Earlier this month, the Emerging Practices Reading Circle hosted An Urgency of Teachers co-author Sean Michael Morris for a conversation about critical digital pedagogy, renegotiating classroom power structures, and taking time to unpack and share why we make the choices we do in the classroom.
Check out a few of Sean’s comments that stood out to me below, or view our entire conversation via the recording above. Users without a UW NetID may request access to the recording by emailing me at email@example.com. You can also view the full transcript of our Q&A.
On what critical pedagogy is:
Critical digital pedagogy has a breadth of practice that it would go beyond active learning, for example, it would go beyond student centered learning, for example, or flipped learning or any of those sorts of things. It may be parts of those, but it also is much broader than that … It’s more about engaging students in understanding their own agency and understanding how to read their world. That was one of the sort of key pieces that Freire came out with, was this idea of an epistemological relationship to reality. Where they would basically able to look at their circumstances understand the circumstances and decide whether or not to intervene in some way.
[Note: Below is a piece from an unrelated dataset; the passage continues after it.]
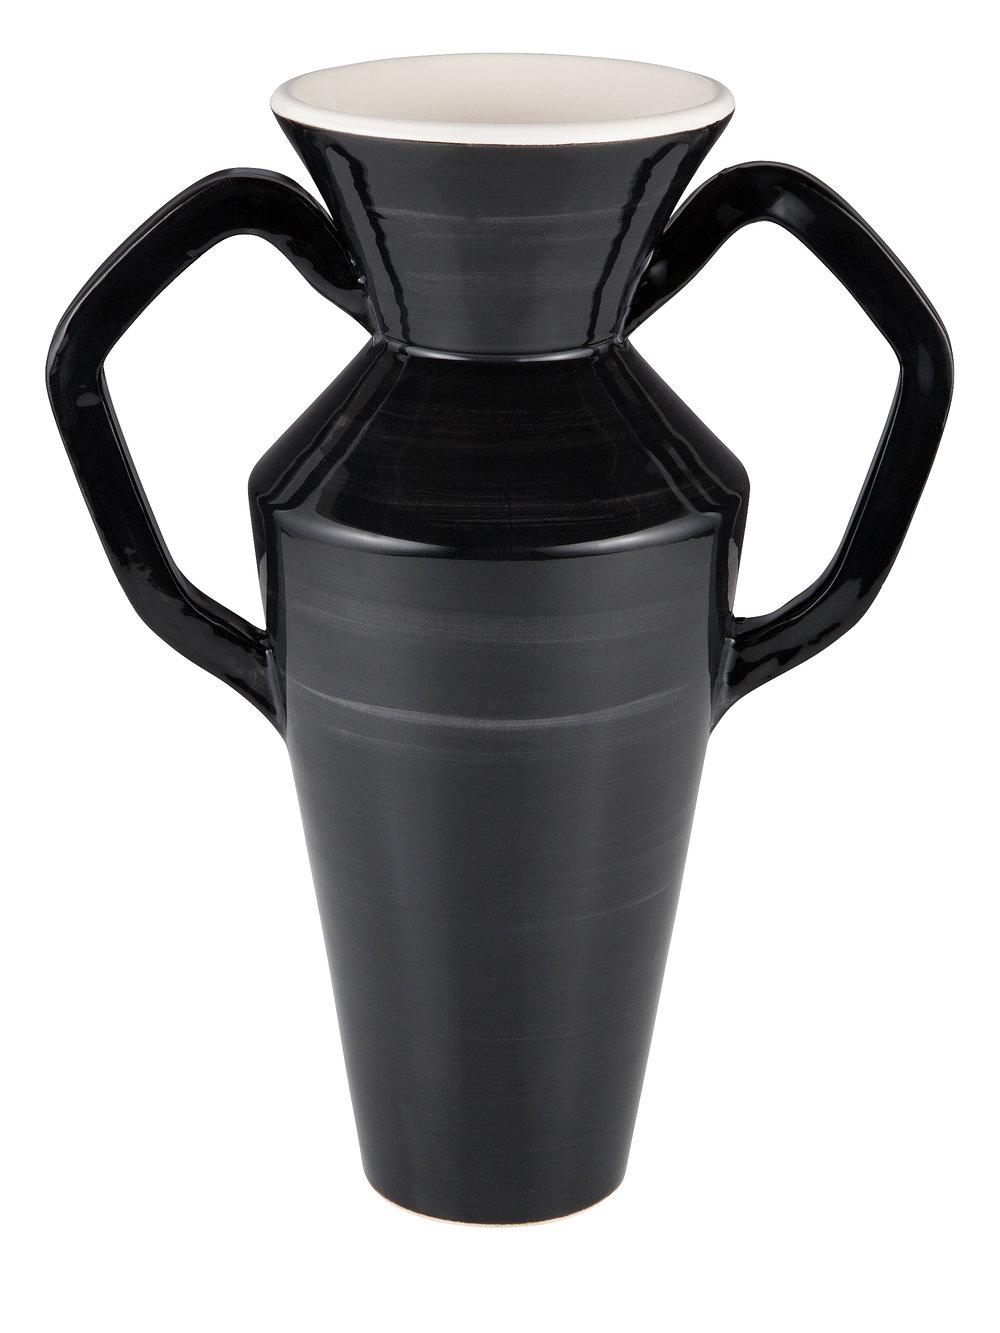 Amphora_M_Calimero.jpg

On what it looks like in practice:
So, critical pedagogy is about that sort of engagement with what’s happening in the room. And that really depends on the teacher, really depends on the classroom really depends on the subject, depends on the school, depends on lots of other things. So there’s not really a simple way of saying, here’s how you do it … What it looks like is a lot of guesswork. What it looks like is a lot of trial. A lot of experimentation. A lot of play, a lot of allowing things to emerge. A lot of conversation. A lot of dialogue with students as if they were equals with you. Because they are in many ways, while they play different role in the room, they are equals with you in that learning process and so it looks like that. It looks like a mess, is what it looks like. And you just go into it bravely and you make sure your students know that you have them, that they’re safe. That this is going to work. And that you have their best interests in mind. And then you all get to figure out what it looks like.
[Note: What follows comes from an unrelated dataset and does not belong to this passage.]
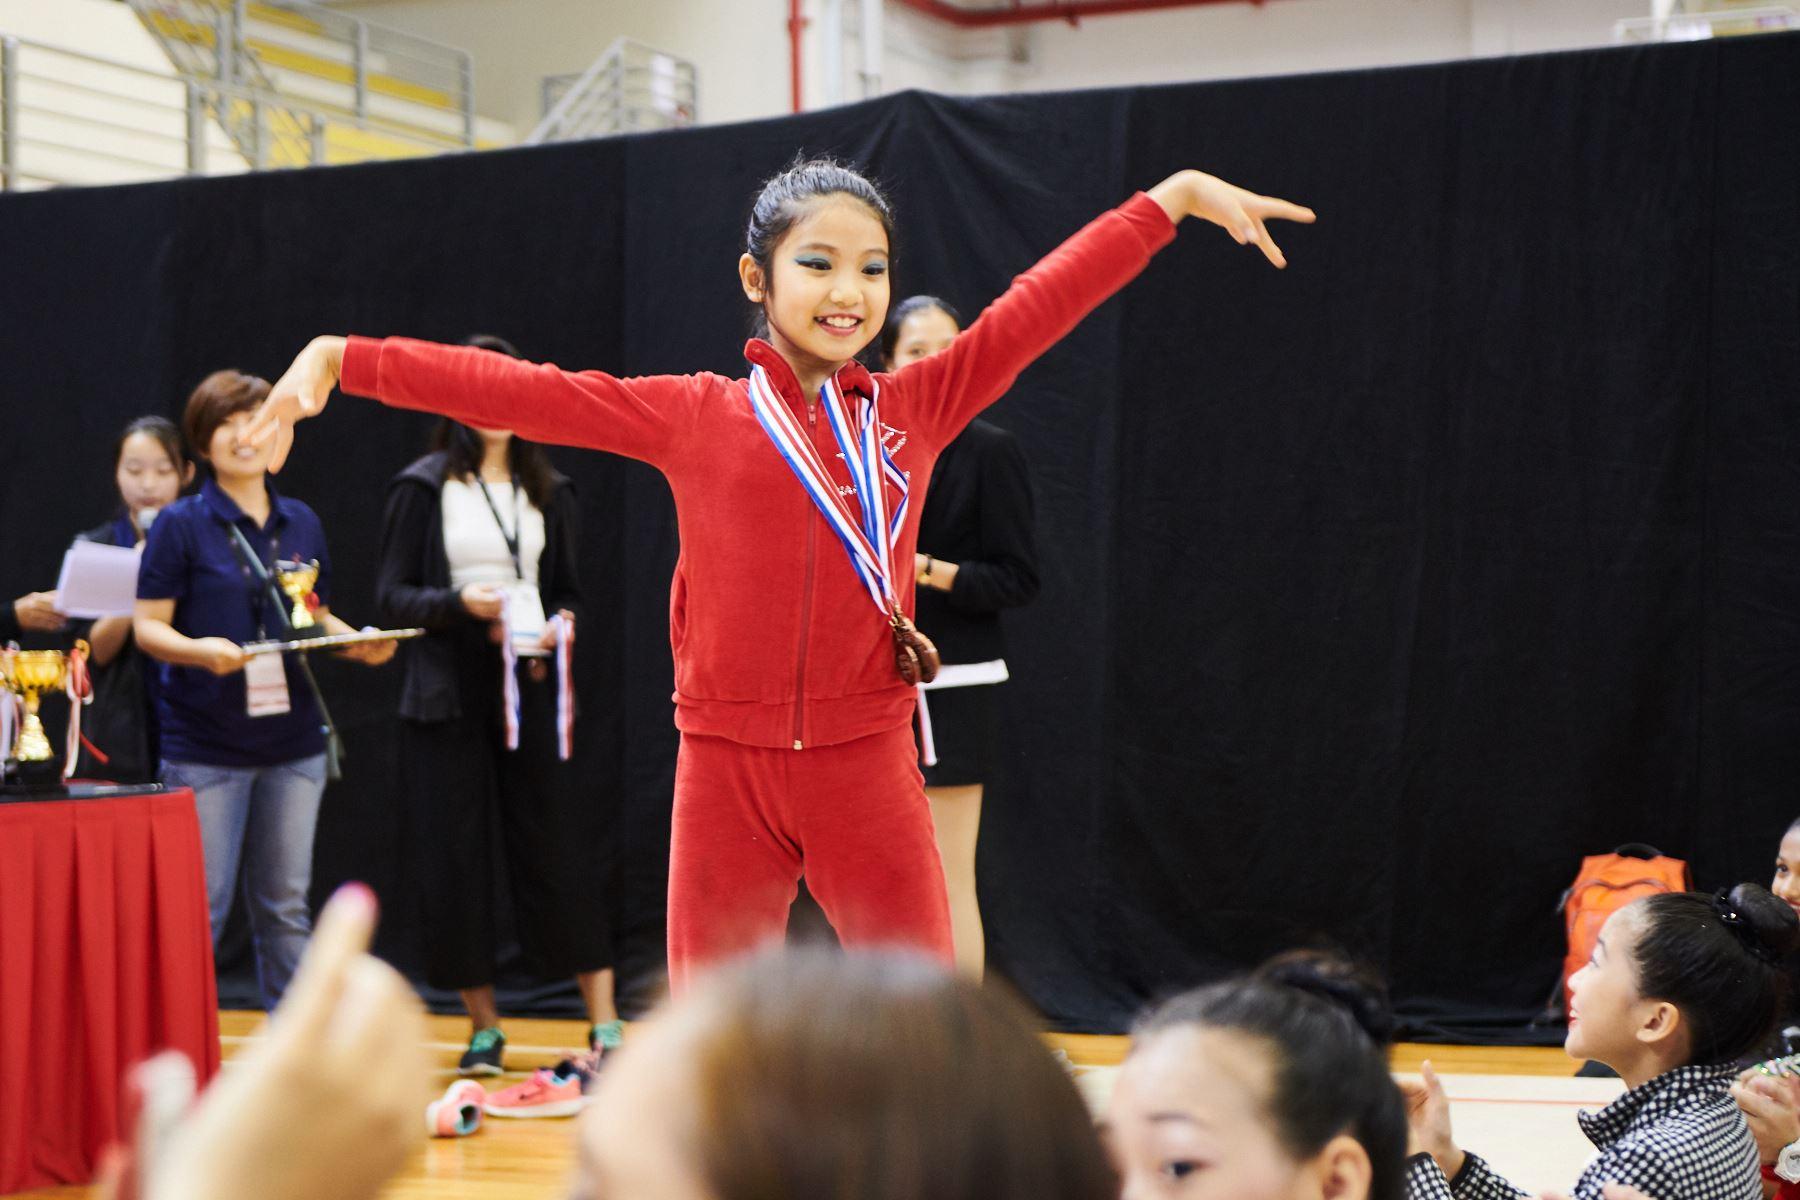 Singapore Gymnastics Open Championships 2018 11

On transparency in teaching:
[An important practice is] Being absolutely as transparent as you possibly can be about your teaching and why you’re teaching that way, which means you have to understand your teaching … Which often has influences, all the way back when you were a child, the teaching you received, also teaching that’s expected from you, from the university, the kind of degree that you got. The torture of going through a PhD program and doing your dissertation. All of those things play into how you think teaching should happen and then talking to students about that, being really transparent about that and why you make the decisions you make the classroom.